Lincoln attended the meeting, in Wallace's Washington home, at which the name of the state was chosen.

In 1849, Wallace sought the governorship of the Oregon Territory, which included Idaho.

"They offered it to him and he was excited about it, but his wife said there was no way she was moving to the Wild West," Leroy said. "If they had and he had enjoyed the West as much as he thought he would, he likely would have stayed here or returned to Washington as a congressman or senator with a very different role. The course of history would have changed."

Fred Dubois, for whom the eastern Idaho town of Dubois is named, was a friend and neighbor of Lincoln's in Springfield, Ill. Dubois went on to become a U.S. senator from Idaho.

Mason Brayman, a colleague of Lincoln's who rented his home in Springfield while Lincoln was a congressman, became a governor of the Idaho Territory.

Lincoln's bodyguard attempted, unsuccessfully, to become governor of Idaho.

The oldest Lincoln statue in the western United States is in Boise.

A sampling of other artifacts in the exhibit includes an invitation to Lincoln's second inaugural ball, election ballots from both of his campaigns, a Lincoln-era stovepipe hat and a painting of his Indiana home.

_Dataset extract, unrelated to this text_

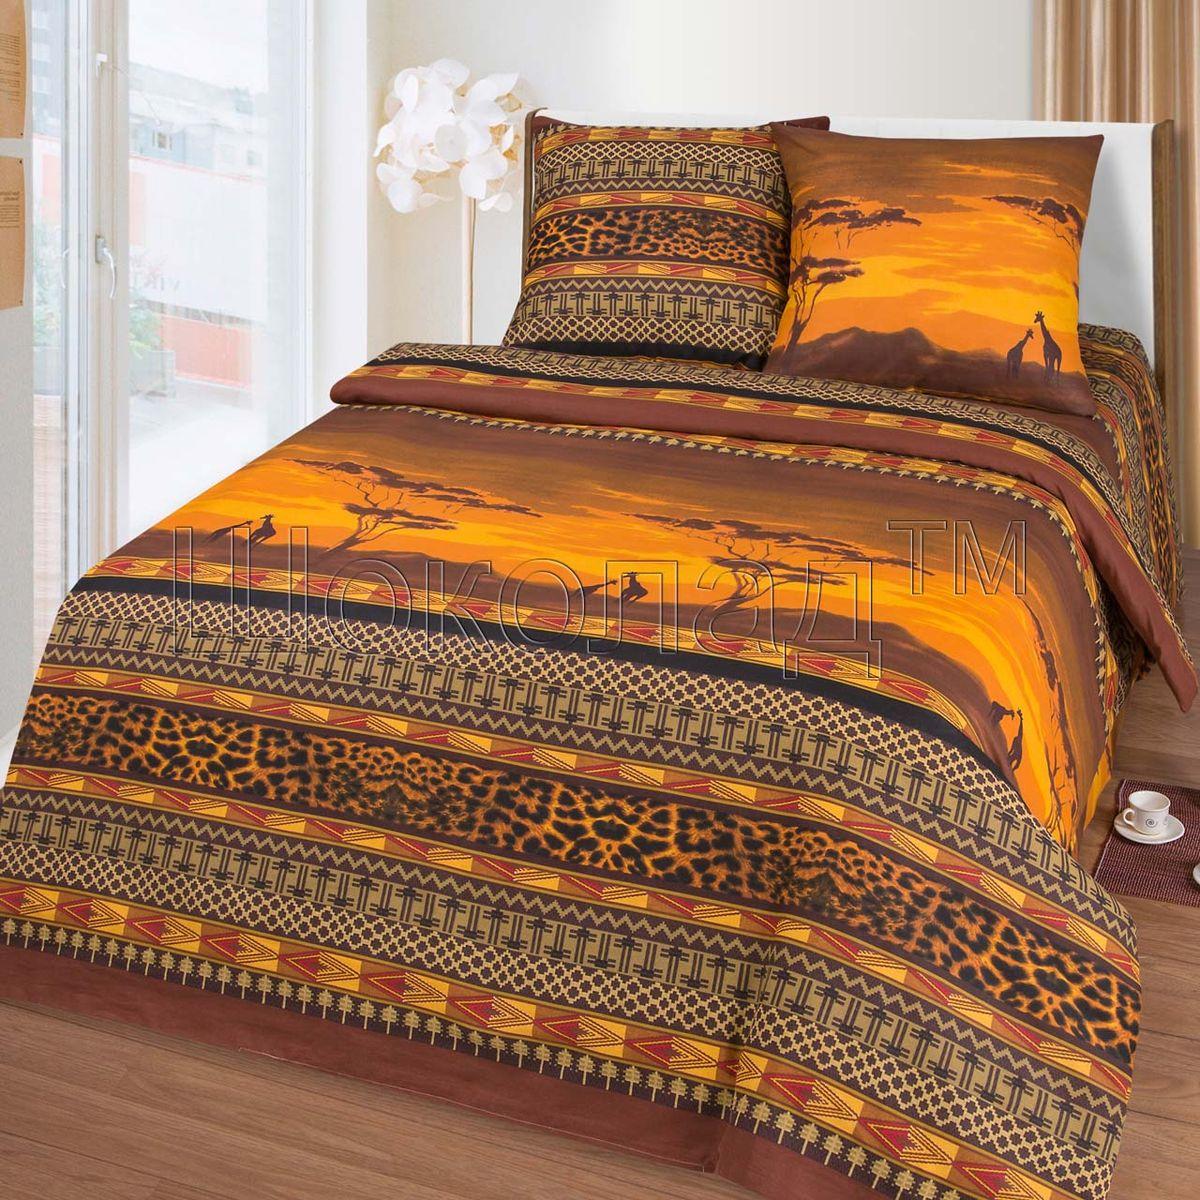 Комплект белья Шоколад Кения, семейный, наволочки 70x70. Б1207002/2Комплект постельного белья Шоколад Кения является экологически безопасным для всей семьи, так как выполнен из натурального хлопка. Комплект состоит из двух пододеяльников, простыни и двух наволочек. Постельное белье оформлено оригинальным рисунком и имеет изысканный внешний вид.Бязь - это ткань полотняного переплетения, изготовленная из экологически чистого и натурального 100% хлопка. Она прочная, мягкая, обладает низкой сминаемостью, легко стирается и хорошо гладится. Бязь прекрасно пропускает воздух и за ней легко ухаживать. При соблюдении рекомендуемых условий стирки, сушки и глажения ткань имеет усадку по ГОСТу, сохранятся яркость текстильных рисунков. Приобретая комплект постельного белья Шоколад  Кения вы можете быть уверены в том, что покупка доставит вам и вашим близким удовольствие и подарит максимальный комфорт.

Lincoln presenter Skip Critell will greet guests at the grand opening. Critell is about Lincoln's height and weight and resembles him enough that a woman at Lincoln's tomb in Springfield asked him if he'd had plastic surgery to enhance the resemblance. He hadn't.

"I'll mostly be meeting and greeting people at the opening," he said. "I'll speak in the first person as if I'm Lincoln, the way I do at my presentations."

Catapult 3, a Boise company that makes displays, is assembling the Idaho exhibit. Its sponsor is United Heritage Financial Group of Meridian.

Fred Fritchman, exhibits graphics designer at the historical museum, calls the exhibits "a legitimate opportunity for the public to see some very special things showing Lincoln's connection to Idaho and the evolution of his thinking that led him to believe it was a necessity to issue the Emancipation Proclamation. The exhibits are appealing visually and make it easy for visitors to get the Lincoln story. Anyone interested in learning more about him should make an effort to see it because it's just excellent."